Stored data

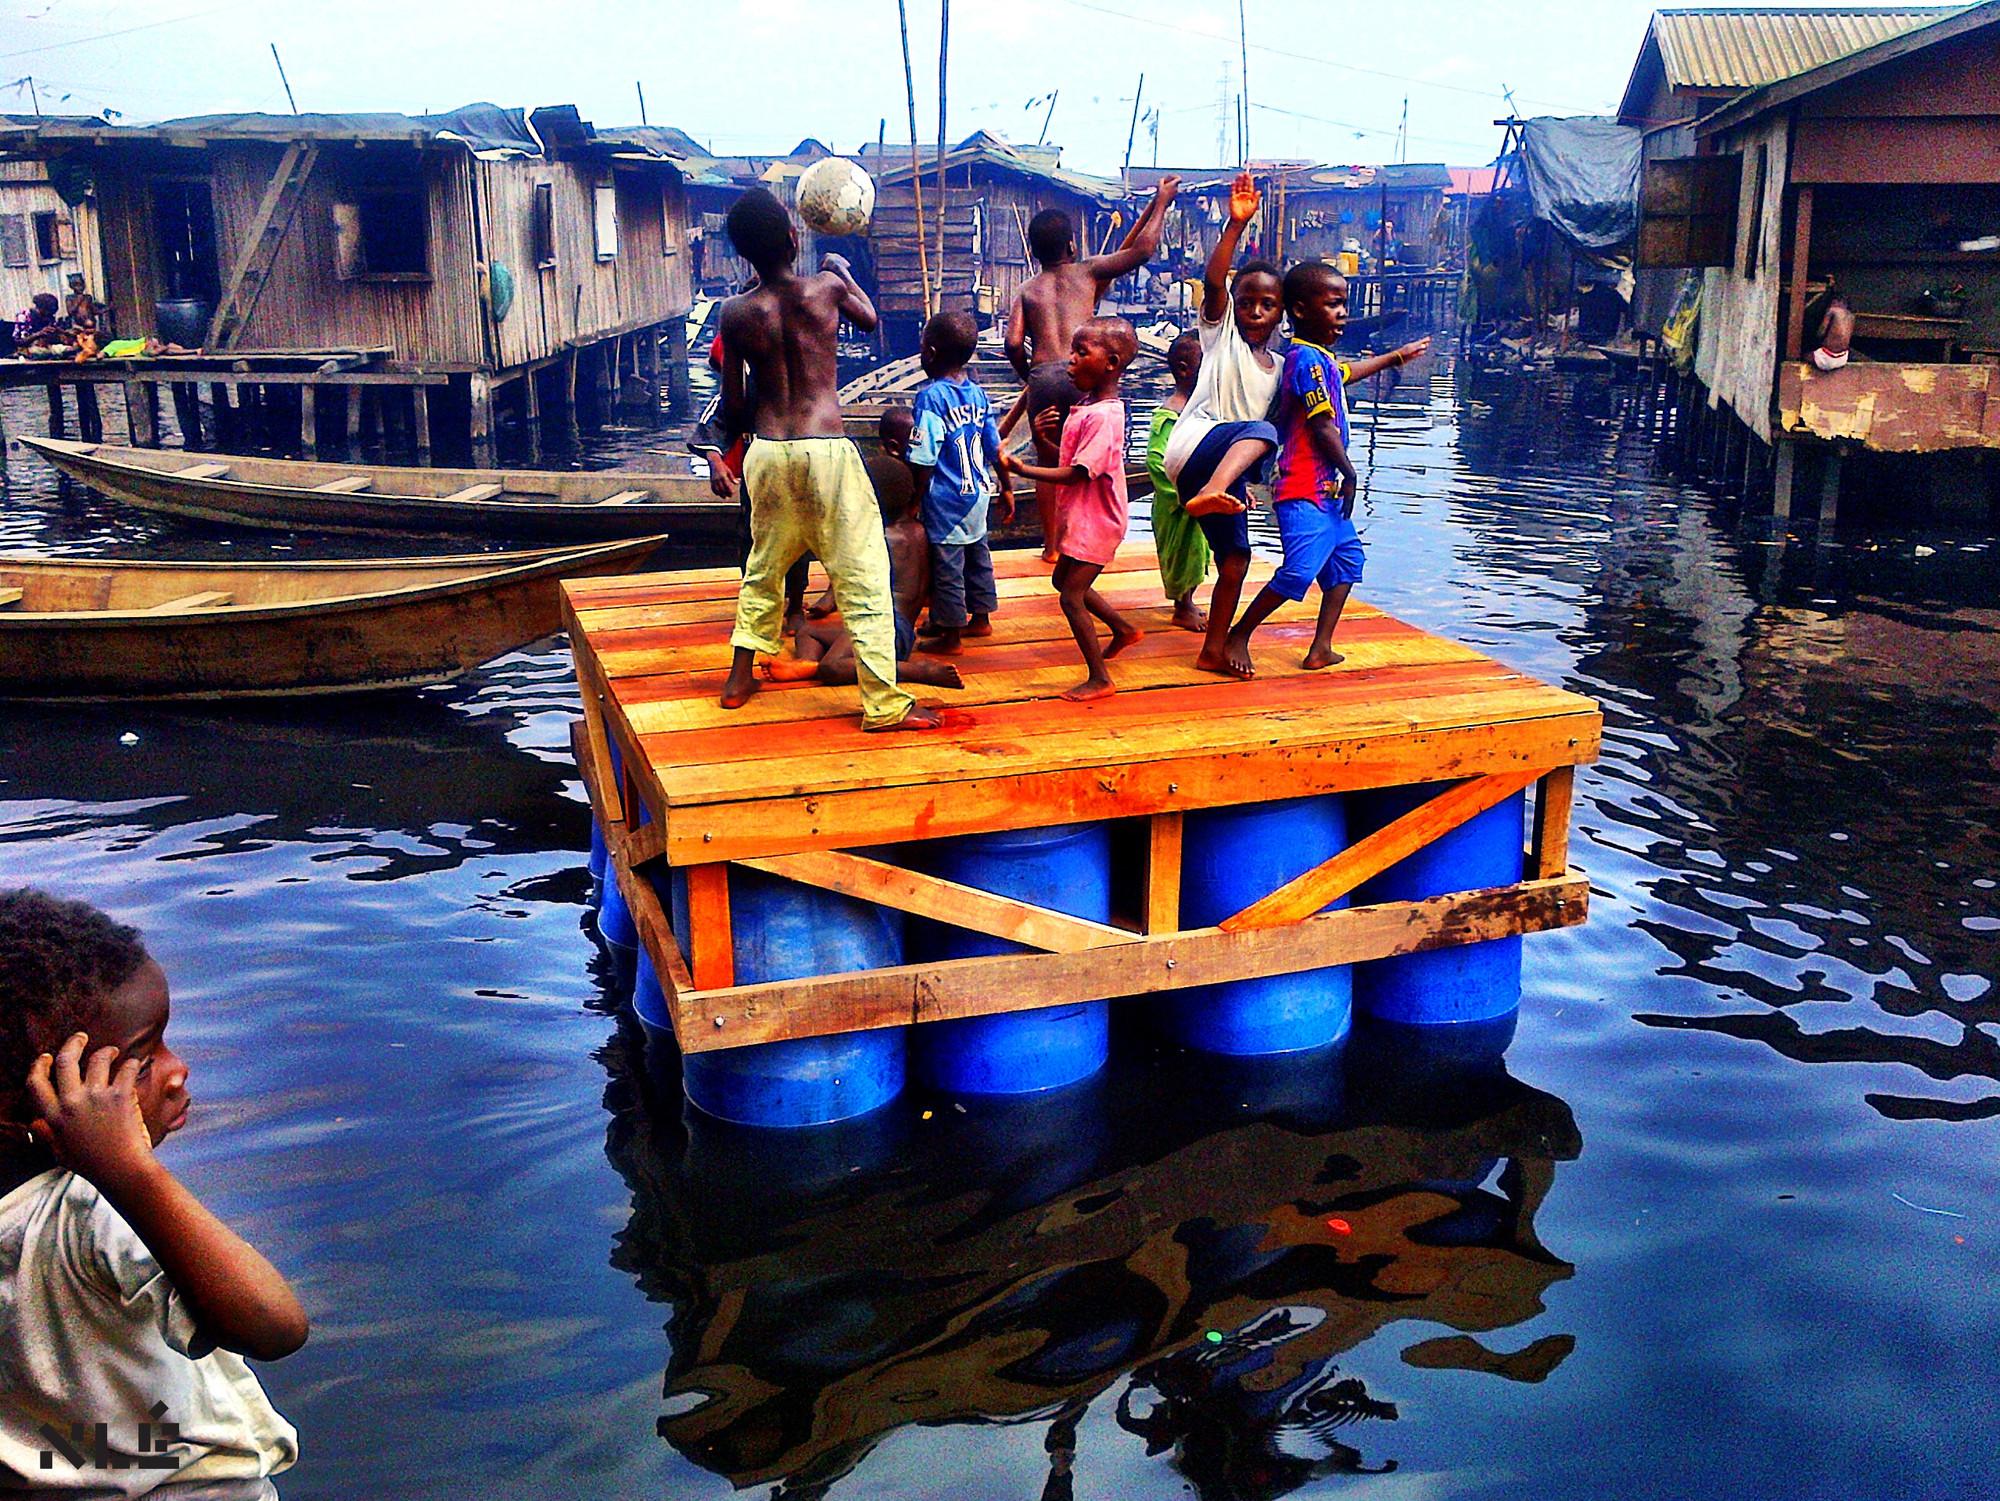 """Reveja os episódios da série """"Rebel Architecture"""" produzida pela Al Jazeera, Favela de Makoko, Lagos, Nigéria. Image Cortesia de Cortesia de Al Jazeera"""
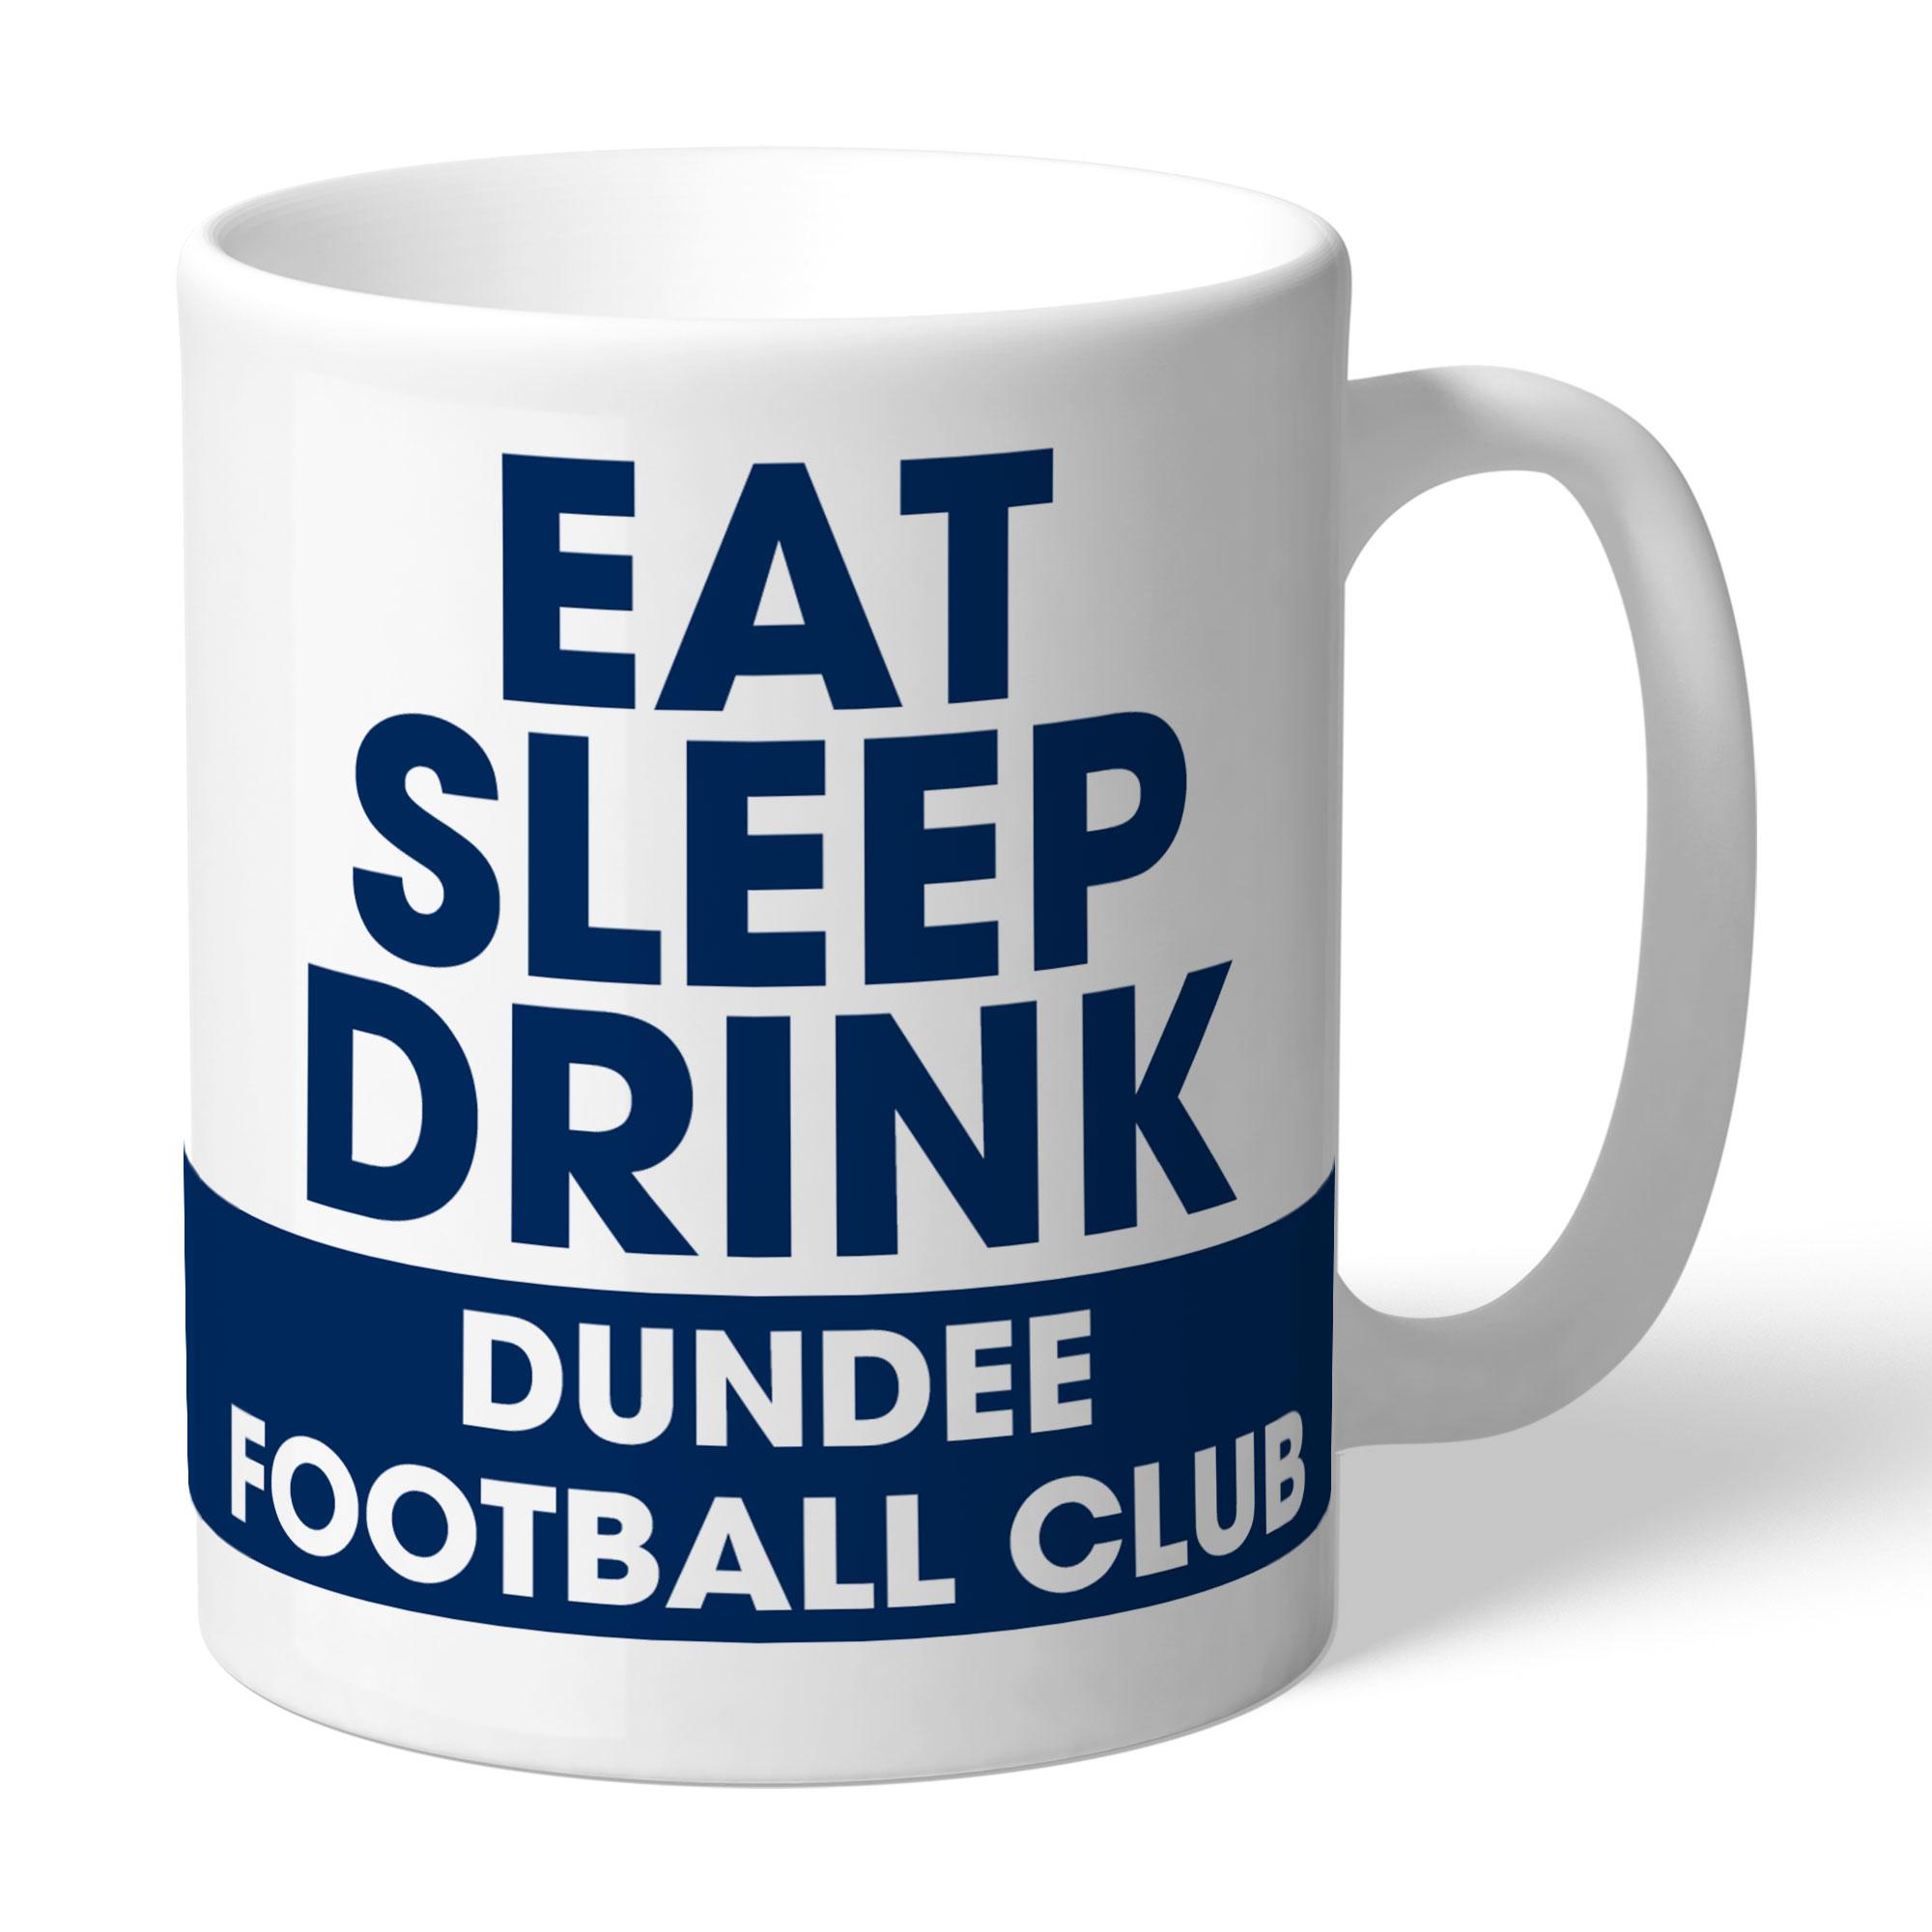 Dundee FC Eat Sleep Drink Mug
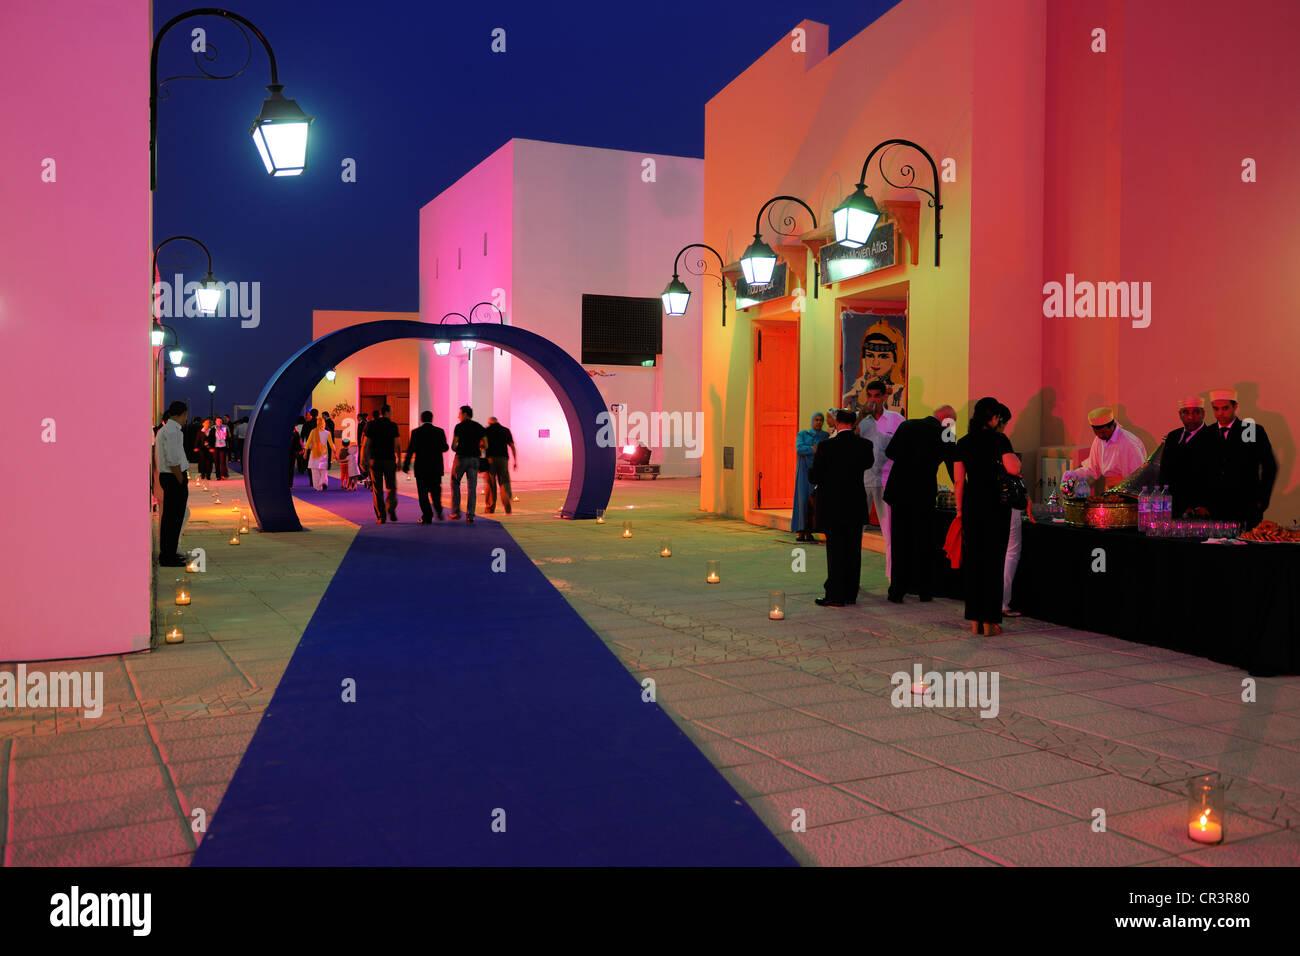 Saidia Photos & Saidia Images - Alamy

What to do
Would you reproduce each line of the material exactly, omitting the images?

Exercise solution
 """Reveja os episódios da série """"Rebel Architecture"""" produzida pela Al Jazeera, Favela de Makoko, Lagos, Nigéria. Image Cortesia de Cortesia de Al Jazeera"""
 Dundee FC Eat Sleep Drink Mug
 Saidia Photos & Saidia Images - Alamy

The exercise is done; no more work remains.